# erkennt vb6.0 einen usb stick? (unter win2k)



## -cta- (4. November 2003)

Wie kann ich mit einem VB Skript unter Windows 2000 erkennen, ob ein USB Stick an einem PC angeschlossen ist und welcher Laufwerksbuchstabe diesem USB-Stick zugewiesen ist. Es genügt nicht lediglich Wechseldatenträger zu identifizieren, sondern es soll explizit nach einem USB-Stick gesucht werden!


----------



## Retlaw (4. November 2003)

Einen Wechseldatenträger mit zugehörigem Laufwerksbuchstaben erkennen und darauf zugreifen ist möglich, aber prüfen ob das ein USB-Stick ist geht nicht mit "Hausmitteln" dieser Sprachen (meinst du jetzt VB6.0 oder VBScript ?), dafür müsstest du externe Funktionen (z.B. API oder sonstige DLLs) verwenden.


----------



## FastProg (4. November 2003)

Du kannst eine Datei auf diesen USB-Stick erstellen, diese Datei kann so aussehen

zb.

USB.USI

[USB]
Stickversion=1.1

[AUTOSTART]
ICON=%Pfad%Stick.ico
RUN=%Pfad%Run.exe

Dein programm Testet ob diese Datei vorhanden ist, und weiß dann ob es ein USB Stick ist.

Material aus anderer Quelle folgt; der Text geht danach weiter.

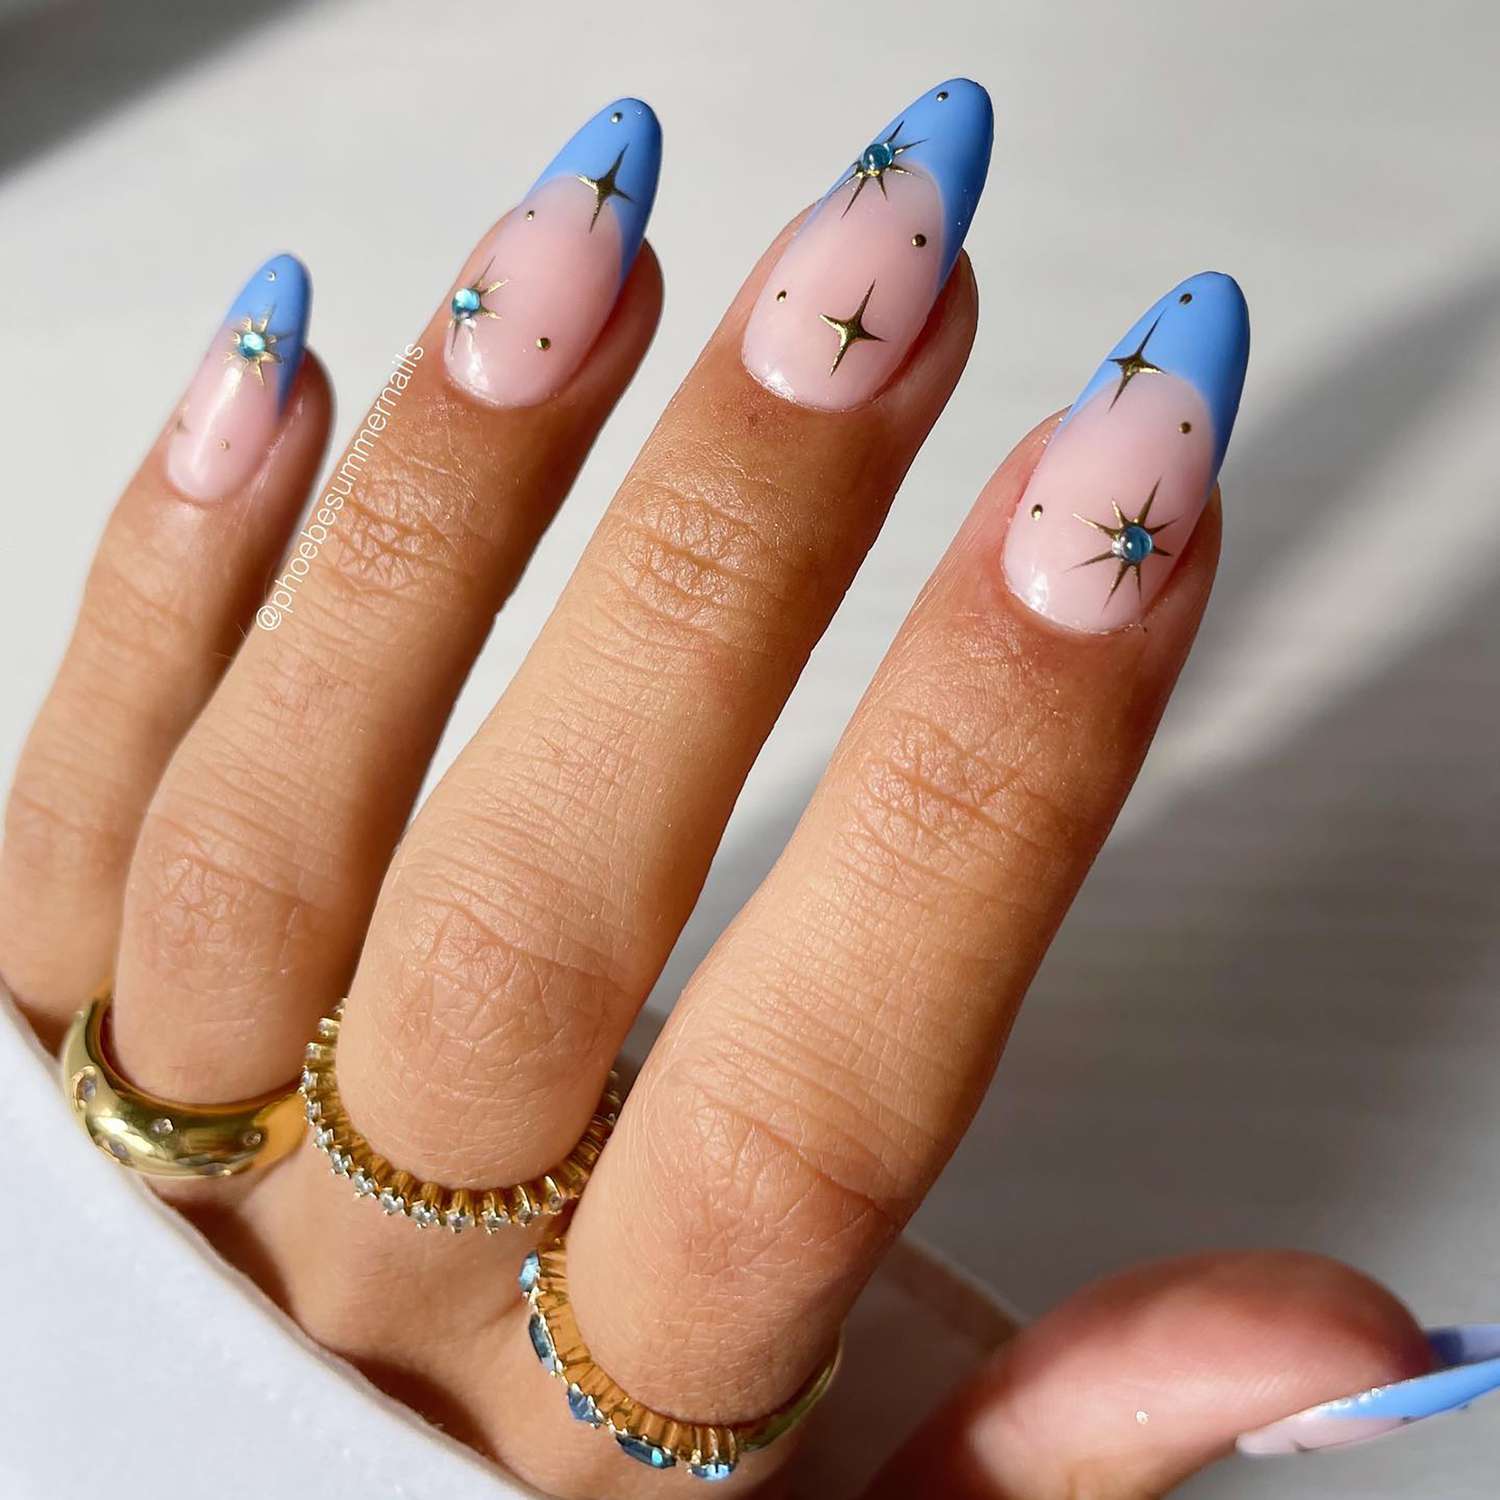 Uma manicure fechada com dicas francesas azuis e detalhes celestiais

Es muss halt jeder deiner USB Sticks angepasst werden.
Eine andere möglichkeit kenne ich nicht.


----------



## -cta- (4. November 2003)

hmm....danke erstmal...ich werde das weitergeben....!


(ich muss mich da gott sei dank nicht drum kümmern)


----------



## VB_Freak_goes_C (11. Januar 2005)

ist zwar schon alt der beitrag, aber hast du es eigentlich geschafft einen usb stick ohne diese file zu identifizieren?

es müsste eigentlich irgendwie mit DeviceIOControl gehen, aber mir fehlen da die genauen Parameter/Konstanten Werte die ich übergeben müsste.


----------